Header of an e-mail in which the sender's name Prof. Dr. John Doe does not match the e-mail address officialhead115@gmail.com.

Unfortunately, some e-mail programs only display the sender’s e-mail address after several clicks, which makes it difficult to quickly check for legitimacy. This is particularly a problem on smartphones, where the small displays reduce the immediately visible information to a bare minimum. For example, in the screenshot below, the sender’s e-mail address is missing:

Depiction of a CEO fraud e-mail on a smartphone. The sender's e-mail address is not displayed.

The procedure required to display the sender’s e-mail address depends on the app in use. Typically, a short or long tap on the sender’s name provides more information. Alternatively, check the e-mail on a PC before you think about replying. If you are unsure, ask your colleagues for advice or report the email to TUD-CERT.

Apart from the sender’s e-mail address, e-mails of this scam type convey a high level of urgency (“as soon as possible “), which is similar to conventional phishing attempts. In addition, their language style is often atypical for the perceived sender. However, you can only be absolutely certain of the authenticity of an e-mail if it has been digitally signed by the sender.

Dealing with fraud

The fact that Business E-mail Compromise is not just a theoretical problem becomes clear to us at TUD-CERT every day as we process incoming reports. In order to curb these fraud attempts, we block the sender e-mail addresses used by criminals as quickly as possible, but we are heavily dependent on your support. Unfortunately, fraud attempts are sometimes successful, which usually results in financial losses for those affected. We know from other universities that we are not the only ones to be confronted with such cases.

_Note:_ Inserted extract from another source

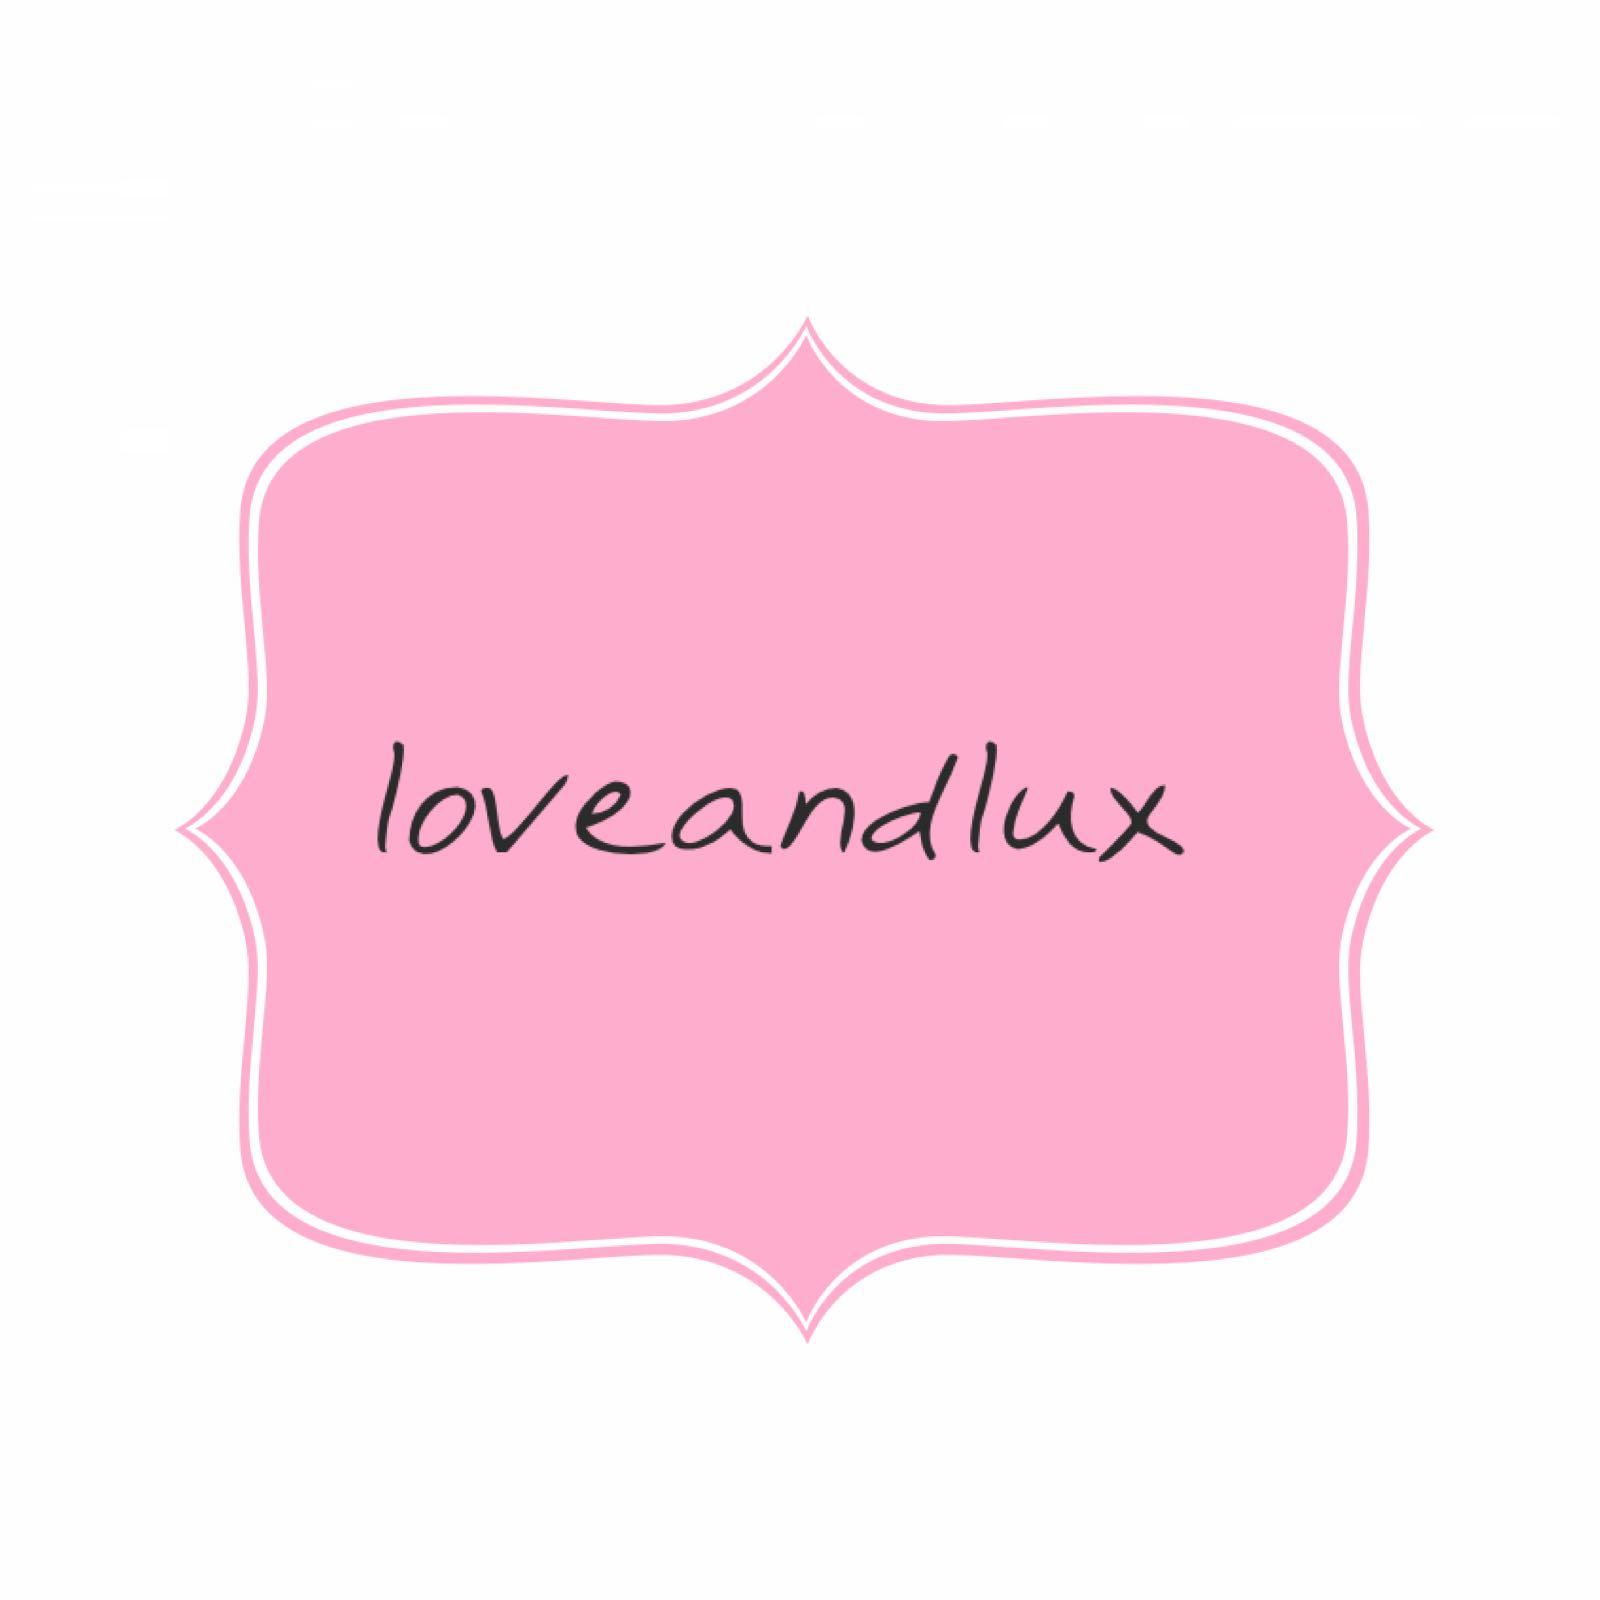 loveandlux

If you’re curious what dangers lurk in a reply to such malicious e-mails and how exactly the criminals proceed, we have prepared a graphic example of a case that occurred at TU Dresden in November 2023. The communication is anonymized and the victim’s messages have been rephrased, but the criminals’ incoming messages have not been changed.

12:10
12:12
12:13
12:15
12:18
12:19
12:23
12:30
12:46
12:53
12:57
13:02
13:05
13:37
13:57

Fortunately, the criminals’ greed was their undoing and the victim broke off communication right in time due to growing skepticism.

Report

How to report phishing attacks to minimise the threat.

If an E-Mail seems strange to you, please forward it to TUD-CERT. We evaluate them and initiate countermeasures if necessary. This way, we can reduce the risks of phishing e-mails, take phishing websites offline at an early stage and analyze malware distributed via E-Mail.

Currently we provide phishing reporting plugins for Microsoft Outlook and Mozilla Thunderbird, which can be used to submit questionable E-Mails to TUD-CERT with just a single click. For further details, please take a look at our installation and operating instructions. Alternatively, if you use E-Mail client software for which no reporting plugin is available, you can forward suspicious E-Mails directly to us via cert-meldung@mailbox.tu-dresden.de, ideally in raw format with complete header data. Please note that we will process all reports promptly, but will only get back to you if there are any follow-up questions.

Microsoft Outlook

The phishing report plugin for Outlook adds a button to the ribbon bar to report the currently selected E-Mail directly to TUD-CERT.

Screenshot of the Outlook plugin in use

Below you can download the plugin directly, for details please consult our installation and operating instructions.

Mozilla Thunderbird

Our phishing reporting plugin for Mozilla Thunderbird adds a report button to the message area, which can be used to report the currently displayed E-Mail directly to the TUD-CERT.

Screenshot of the Thunderbird plugin in use

The plugin can be installed directly from Thunderbird via the official Mozilla Add-On Website. For details please consult our installation and operating instructions. The Thunderbird plugin is available under an open source license, further development can be tracked in the associated repository on GitHub.